Remédios de transição de gênero podem ser ruins para o coração

Uma nova pesquisa publicada na revista Circulation descobriu que algumas pessoas que estão em transição de gênero podem ter um risco maior de ter problemas cardiovasculares devido à terapia hormonal que estão recebendo.
Estudos anteriores revelaram que a terapia hormonal aumenta o risco cardiovascular.

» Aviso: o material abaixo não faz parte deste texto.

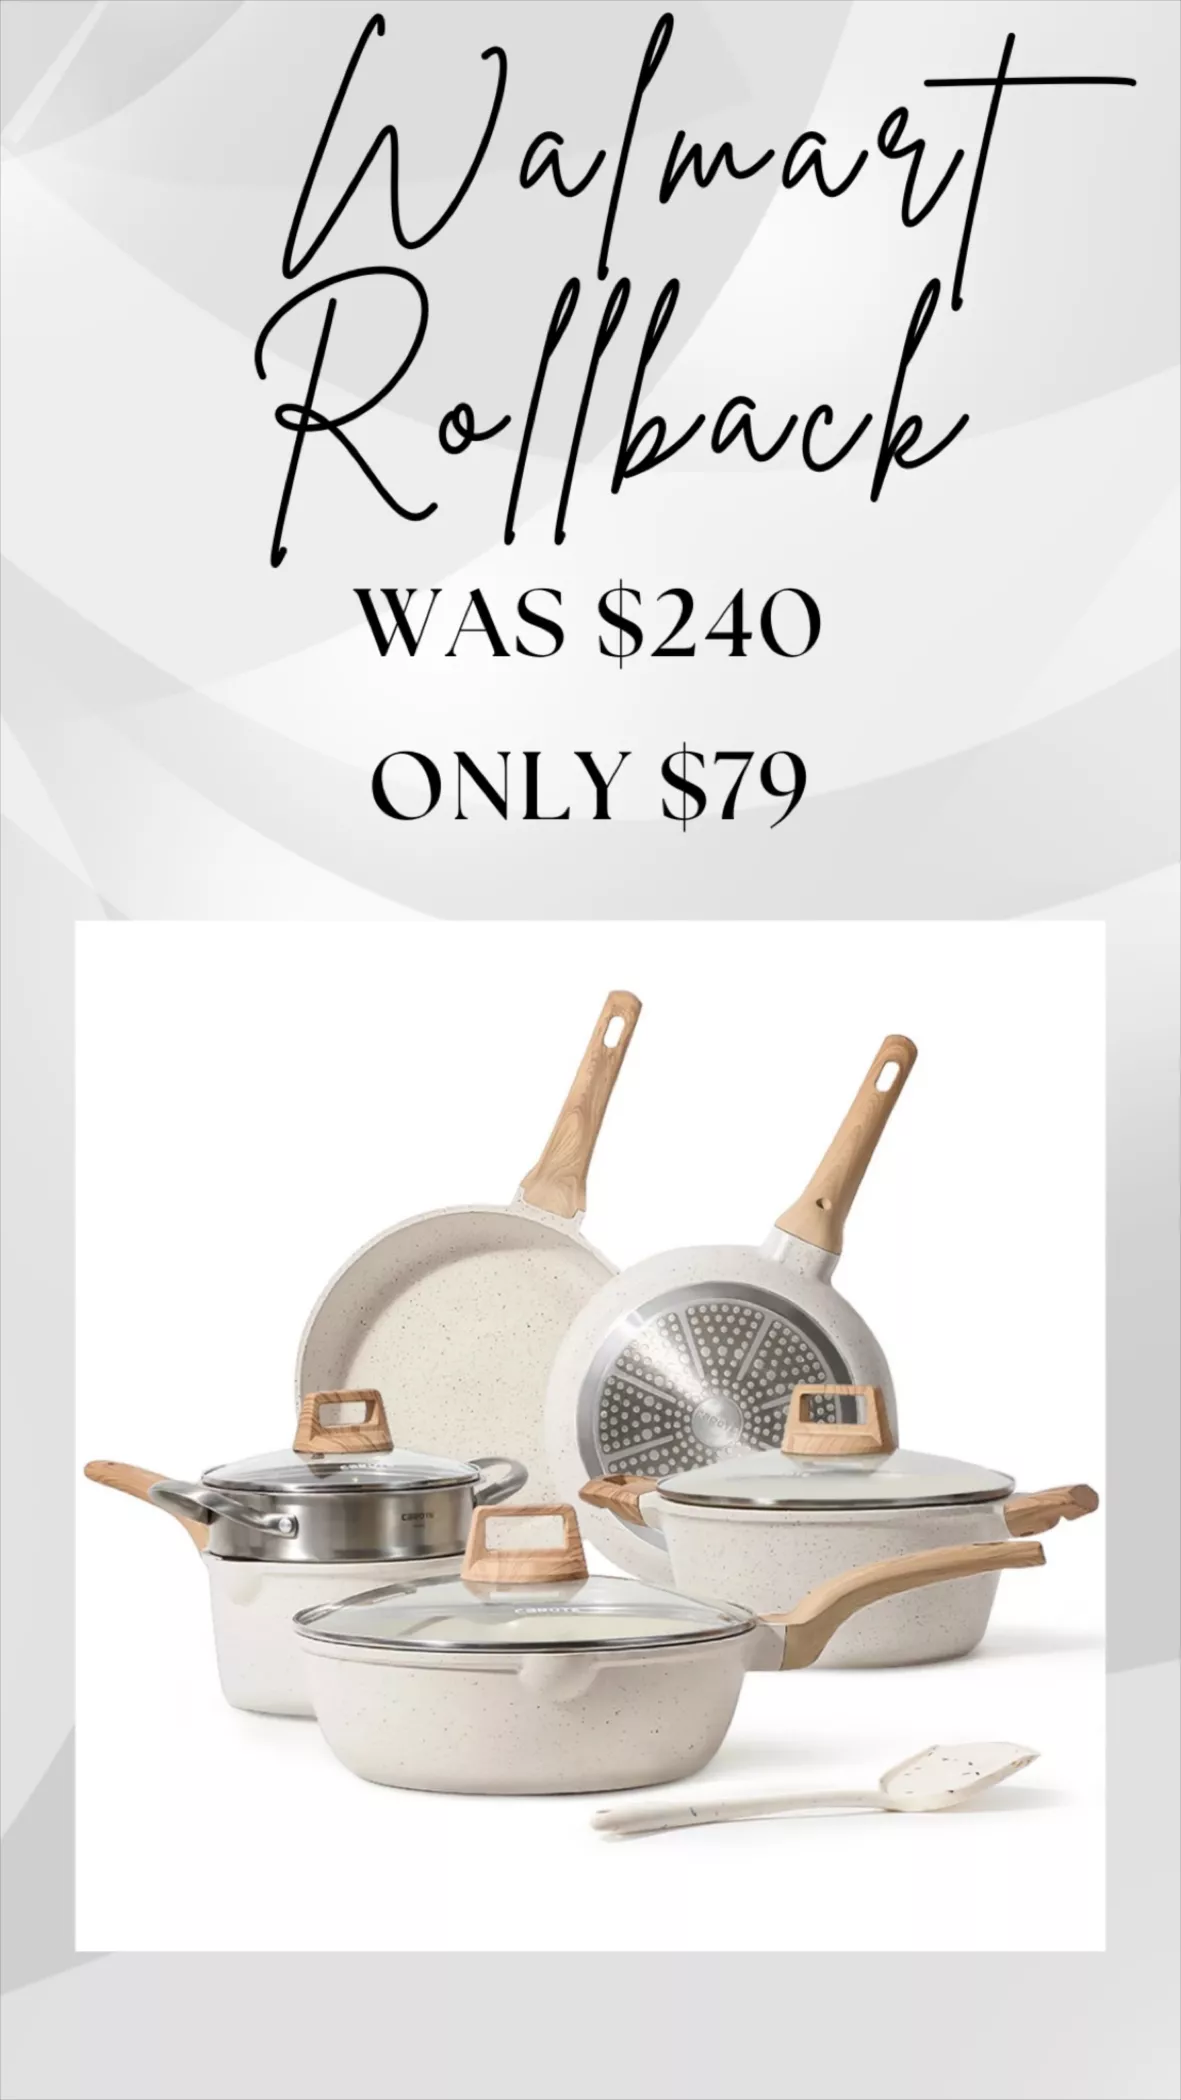 Cooking Utensils Clearance, Discounts & Rollbacks

Por exemplo, de acordo com estimativas do National Institutes of Health (NIH), a terapia com estrogênio e progesterona coloca as mulheres na menopausa em:
um risco 41% maior de acidente vascular cerebral
um risco 29 por cento maior de um ataque cardíaco
um risco 100% maior de coágulos sanguíneos.
O estrogênio sozinho aumenta o risco de derrame em 39% e o risco de coagulação sanguínea em 47%, de acordo com as mesmas estimativas do NIH.
No entanto, como a terapia hormonal afeta pessoas que estão em transição de gênero? Até agora, os cientistas não abordaram essa questão completamente, portanto, um novo estudo teve como objetivo preencher essa lacuna na pesquisa.
Dra. Nienke Nota - pesquisadora do Departamento de Endocrinologia do Centro Médico da Universidade de Amsterdã, na Holanda - e sua equipe examinaram os registros médicos de 3.875 transexuais holandeses que fizeram terapia hormonal entre 1972 e 2015.
Mulheres trans duas vezes mais propensas a sofrer um derrame
Seu estudo analisou 2.517 mulheres transexuais e 1.358 homens transexuais. As mulheres tinham 30 anos, em média, e receberam estrogênio isoladamente ou em combinação com supressores de androgênio.
Os homens tinham 23 anos, em média, e receberam terapia com testosterona como parte de sua transição de gênero.
A Dra. Nota e seus colegas acompanharam clinicamente as mulheres trans por um período médio de 9 anos e os homens trans por uma média de 8 anos depois que começaram a terapia hormonal.
Os pesquisadores examinaram a incidência de problemas cardiovasculares como ataques cardíacos, derrames e coágulos sanguíneos entre pessoas trans e compararam com a incidência de tais eventos em homens cis e mulheres cis.
Cis pessoas são aquelas cuja identidade de gênero corresponde ao sexo biológico atribuído a eles no nascimento.
O estudo constatou que as mulheres trans tinham probabilidade duas vezes maior de ter um derrame do que as mulheres cis e quase duas vezes mais chances de ter um derrame do que os homens cis.
As mulheres trans também foram cinco vezes e 4,5 vezes mais propensas a desenvolver coágulos sanguíneos do que mulheres cis e homens cis, respectivamente.
As mulheres trans também tiveram ataques cardíacos mais de duas vezes mais que as mulheres cis, e os homens trans tiveram três vezes mais chances de ter um ataque cardíaco do que as mulheres cis.
O Dr. Nota comenta as descobertas, dizendo: "À luz dos nossos resultados, pedimos que tanto os médicos quanto os indivíduos transexuais estejam cientes desse aumento do risco cardiovascular".
Os autores alertam que sua análise não levou em conta fatores de risco modificáveis, como tabagismo, estresse, dieta e exercício.
No entanto, eles dizem que a terapia hormonal pode ser amplamente responsável pelo aumento do risco cardiovascular.
Especificamente, o estrogênio promove a coagulação do sangue, e a testosterona pode fazer o mesmo aumentando a concentração de glóbulos vermelhos e aumentando os níveis de colesterol ruim, explicam eles.

Fonte: Healthline Media UK Ltd, Brighton, UK.